EMBA Author Panel at Festival of Words
Kathleen Bell, sitting in for John Lucas, began by
explaining what the EMBA is. In case you didn’t know, it stands for East
Midlands Book Award. Now in its third year, the EMBA is an independent, annual
award, given to a writer of fiction, creative non-fiction or poetry, currently
living in the East Midlands. It aims to promote the best literature coming out
of the region and to reward exceptional work.

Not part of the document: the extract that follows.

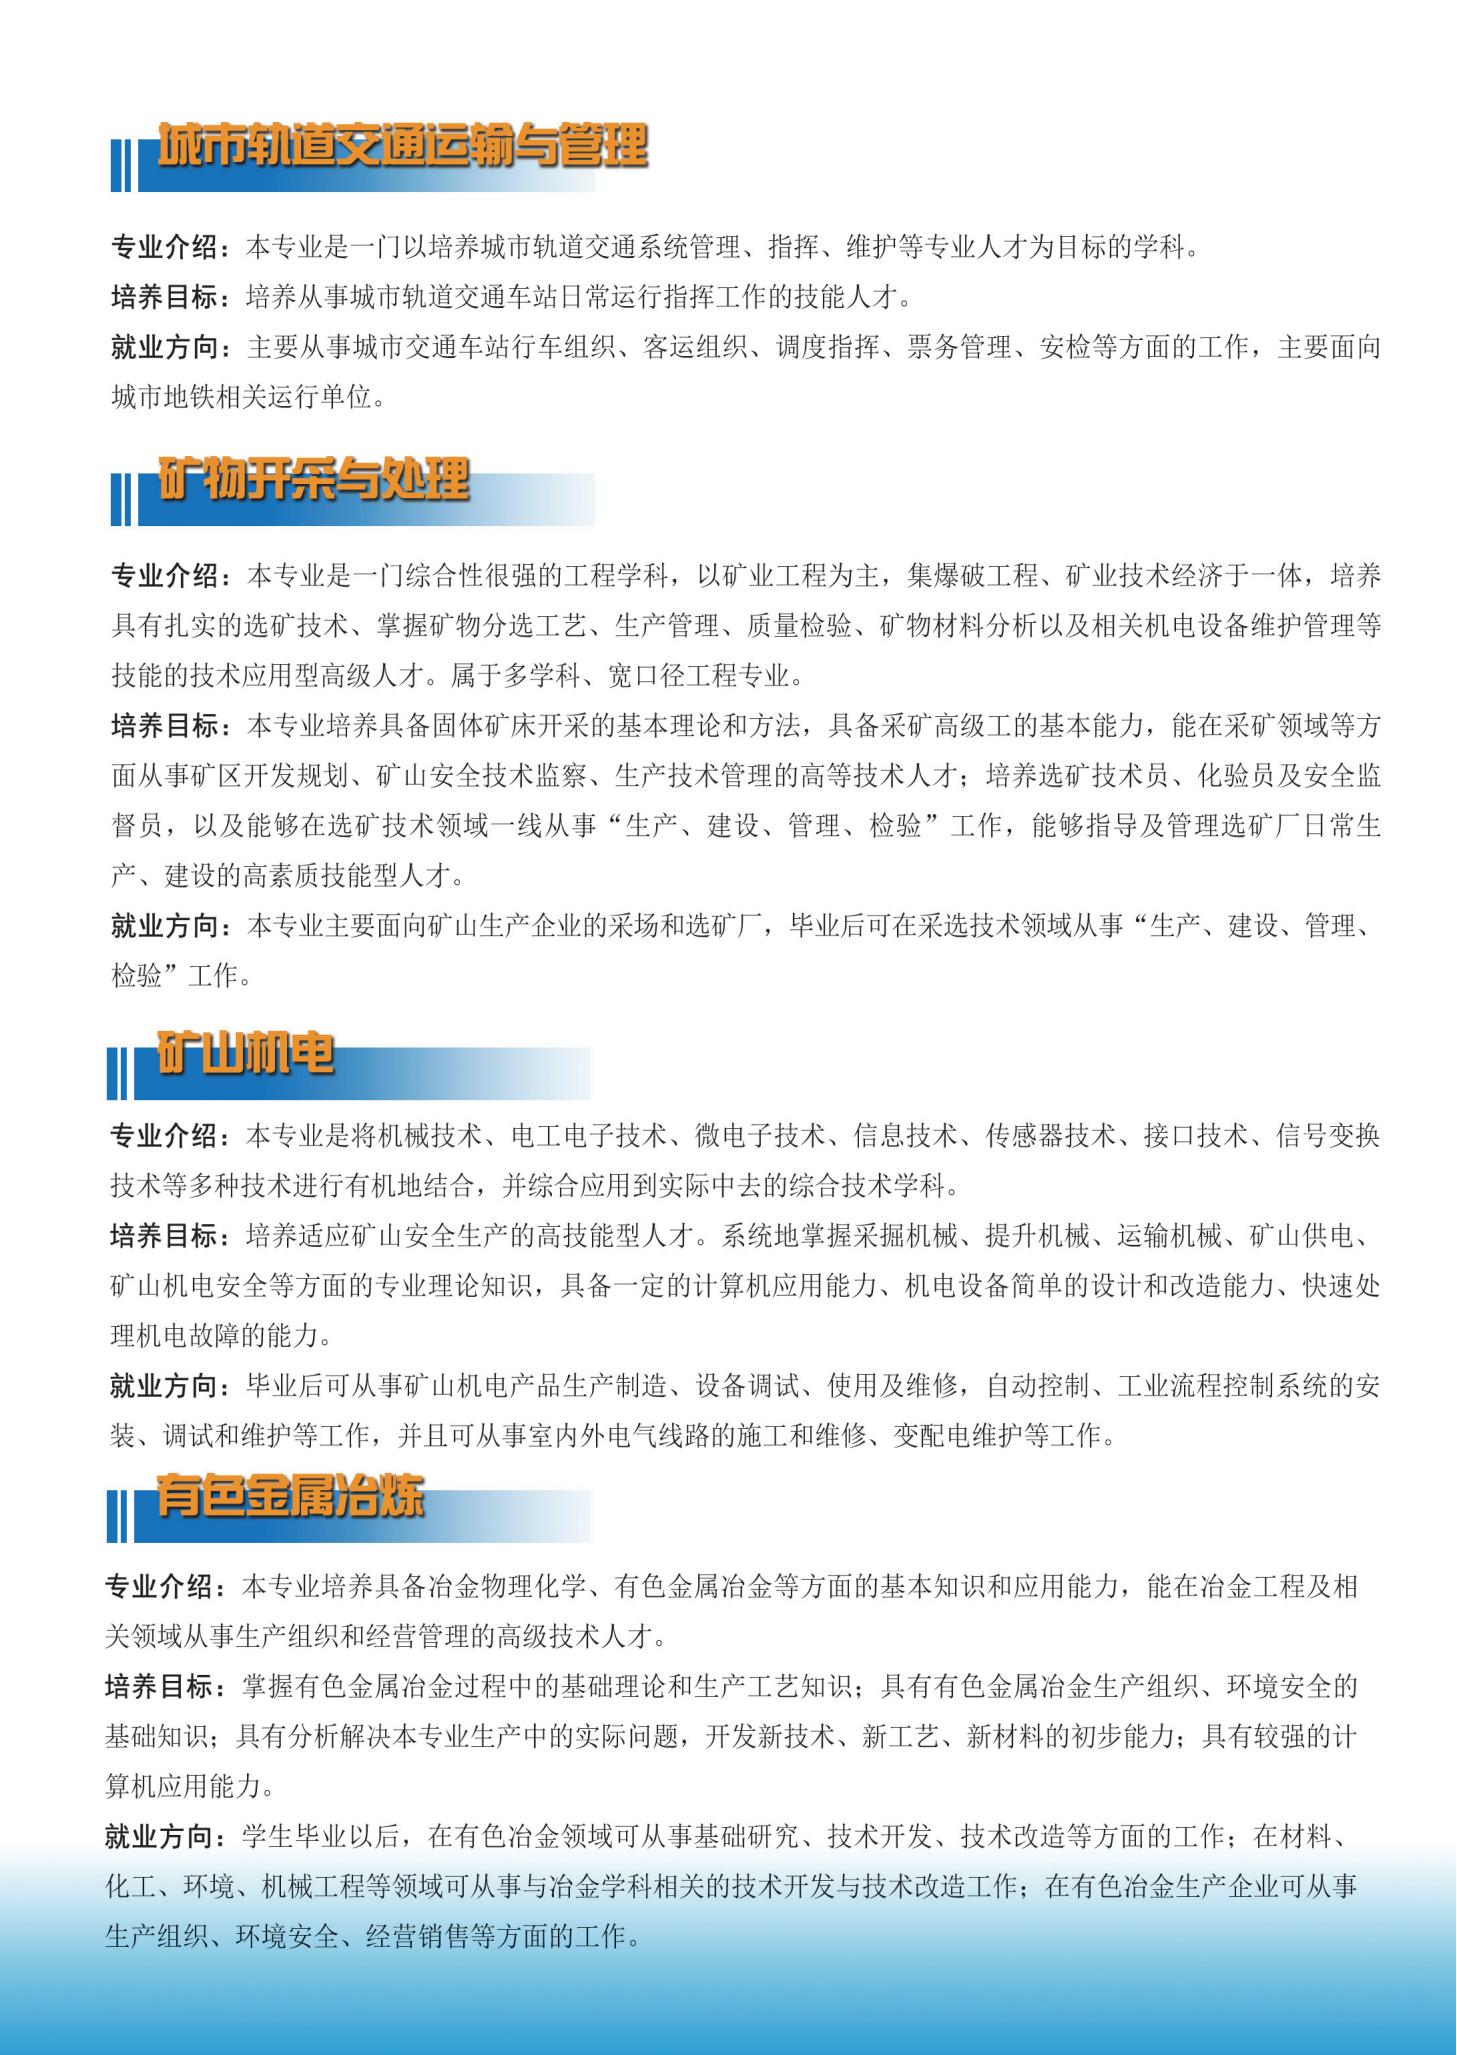 云南铜业高级技工学校招生宣传折页_04.jpg

Joining Kathleen on the panel were two previous winners and
a couple of shortlisted writers. In a kind of chronological order we meet Leicestershire’s
Mark Goodwin, the first recipient of the award back in 2011. Mark read three
poems, one of which was from Shod,
the poetic adventure that was a surprise winner of that inaugural award. Active
in the poetry scene for many years, Mark has worked in schools as well as for
the mental health services and, as you’d expect, his delivery is polished. The
poetry itself is vivid, clean and powerful. It has an element of controlled
anger.
Paula Rawsthorne, shortlisted for the EMBA in 2012, was the
next to read from her work. Her YA novel The
Truth About Celia Frost, concerns a friendless, freaky kid who suffers from
a disorder that leaves her in constant fear of bleeding to death. Paula’s
reading leads up to a dramatic hook, with Celia about to come a cropper, before
the book is closed. There was enough fear, tension and desperation in that
sample chapter to grab the audience. A clever marketing ploy if ever there was
one. A Liverpudlian, Paula now lives in Nottingham and praised the support of
the Nottingham Writers’ Studio.
Shortlisted for his poetry book An Ordinary Dog, Nottingham’s Gregory Woods stood up and belted out
three poems. It was a pleasure to hear the homophonic masterpiece I’d first
heard at the festival’s launch night. Another gem previously aired that night
at Antenna was Messages, an angry
poem that seems to fit Greg’s attitude to love. ‘How I’d rejoice even to hear
an insult in your voice.’ Acerbic and precise, the poems are passionately
performed.
Winning the 2012 award was Anne Zoroudi, author of the
Mysteries of the Greek Detective. The fifth book in her series (of seven), The Whispers of Nemesis, took the prize.
The Derbyshire author’s story tells of desperate measures and long-kept
secrets, of murder and immortality and of pride coming before the steepest of
falls. Anne sees her books as morality tales and picks ‘metaphysical crime’ as
her genre. This is no typical procedural detective story, partly due to the
detective Hermes Diaktoros, and partly because of the book’s otherworldliness.
The author might live in the Peak District but her heart is in the Greek
islands and the country’s mythology seems to provide much of her inspiration.
The panelists ended with a brief Q and A, expressing a
varied response to the density and profile of the region’s literary scene at
which, as expected, Nottingham fared better than north Derbyshire. Another
difference of note was in how the novelists and poets saw themselves. Somehow
the EMBA have to compare the two’s technical merits.
The shortlist for this year’s EMBA will be announced at
‘States of Independence’ a free event celebrating indie publishing at De
Montforth University on Sat March 16th.
The winners will be announced in June.